● **Given information**
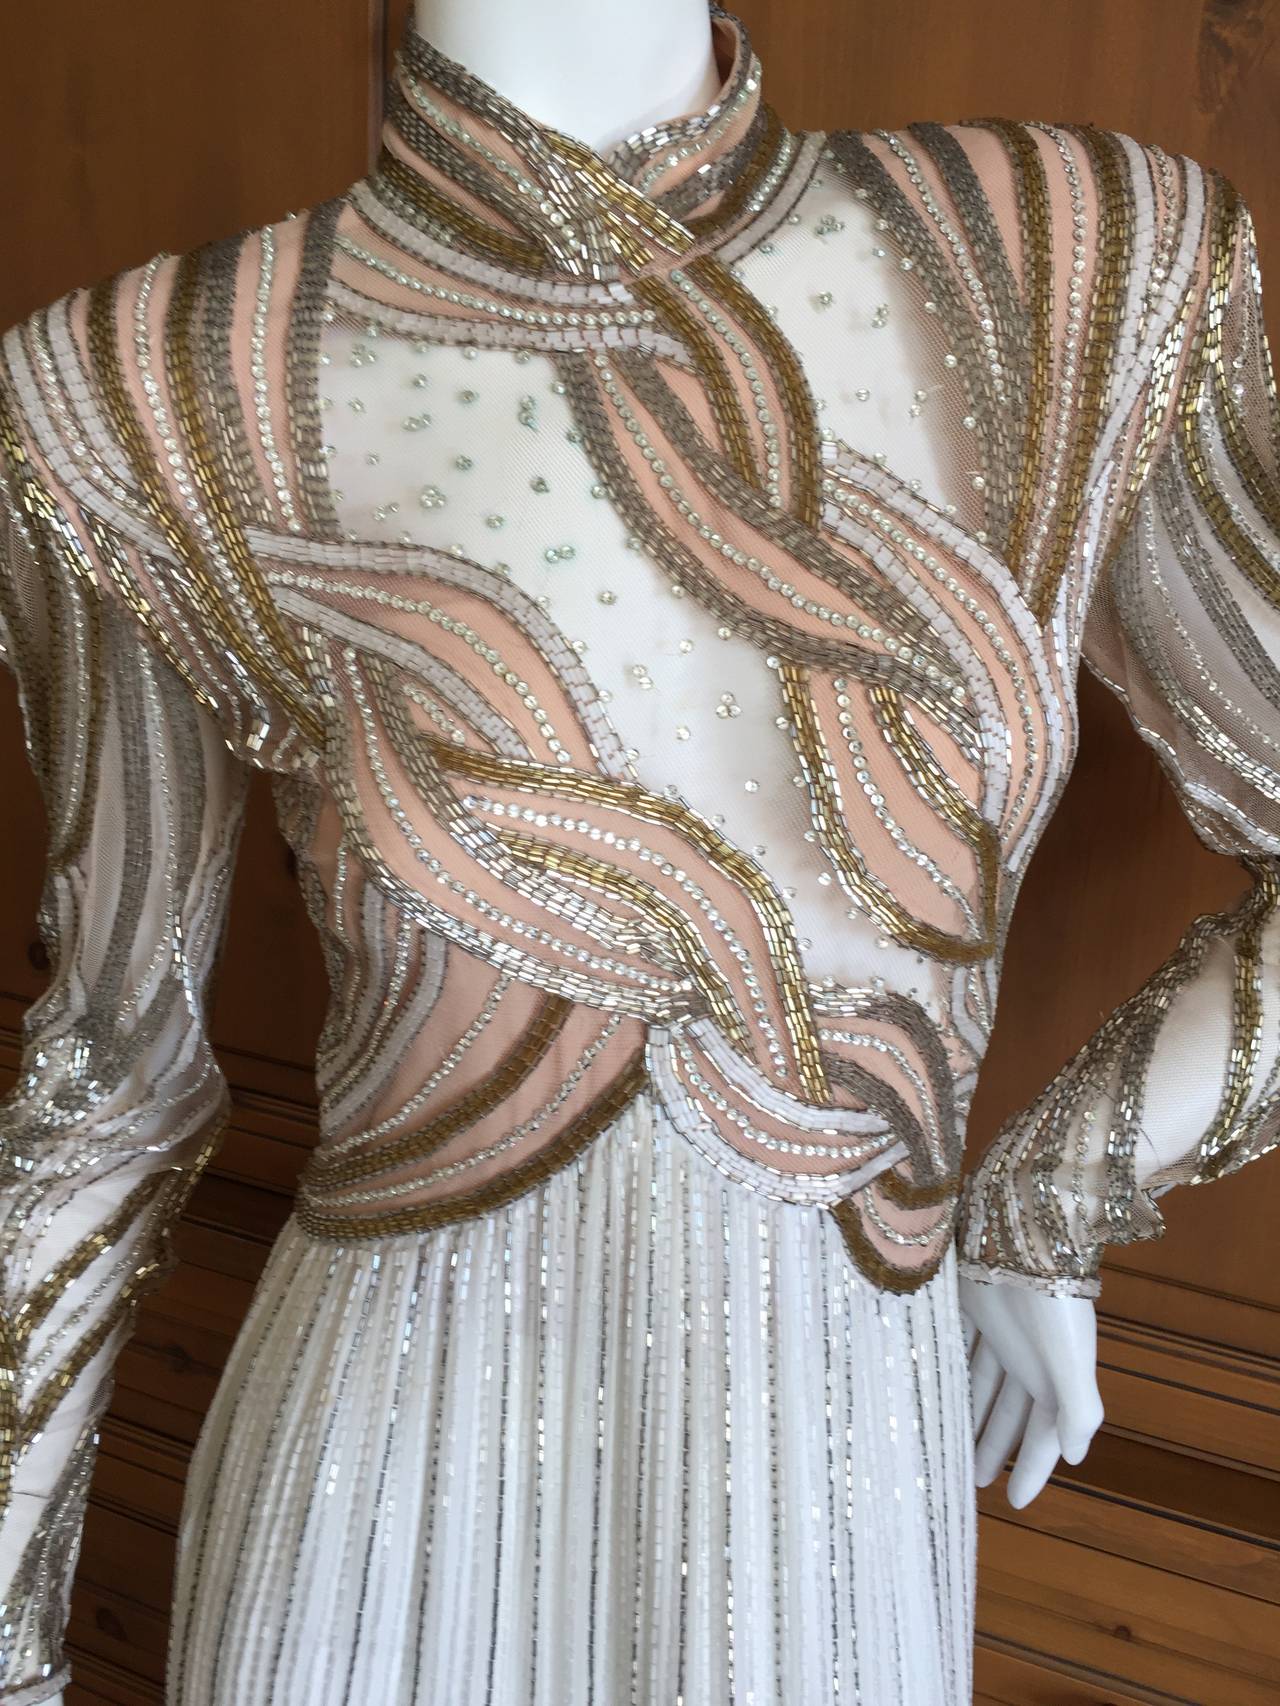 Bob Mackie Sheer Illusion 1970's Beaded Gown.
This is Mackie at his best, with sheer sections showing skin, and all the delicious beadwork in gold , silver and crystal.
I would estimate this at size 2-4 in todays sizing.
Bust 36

● **Task requirements**
Apart from the pictures, every line above must be printed exactly.

● **Expected answer**
 Bob Mackie Sheer Illusion 1970's Beaded Gown.
This is Mackie at his best, with sheer sections showing skin, and all the delicious beadwork in gold , silver and crystal.
I would estimate this at size 2-4 in todays sizing.
Bust 36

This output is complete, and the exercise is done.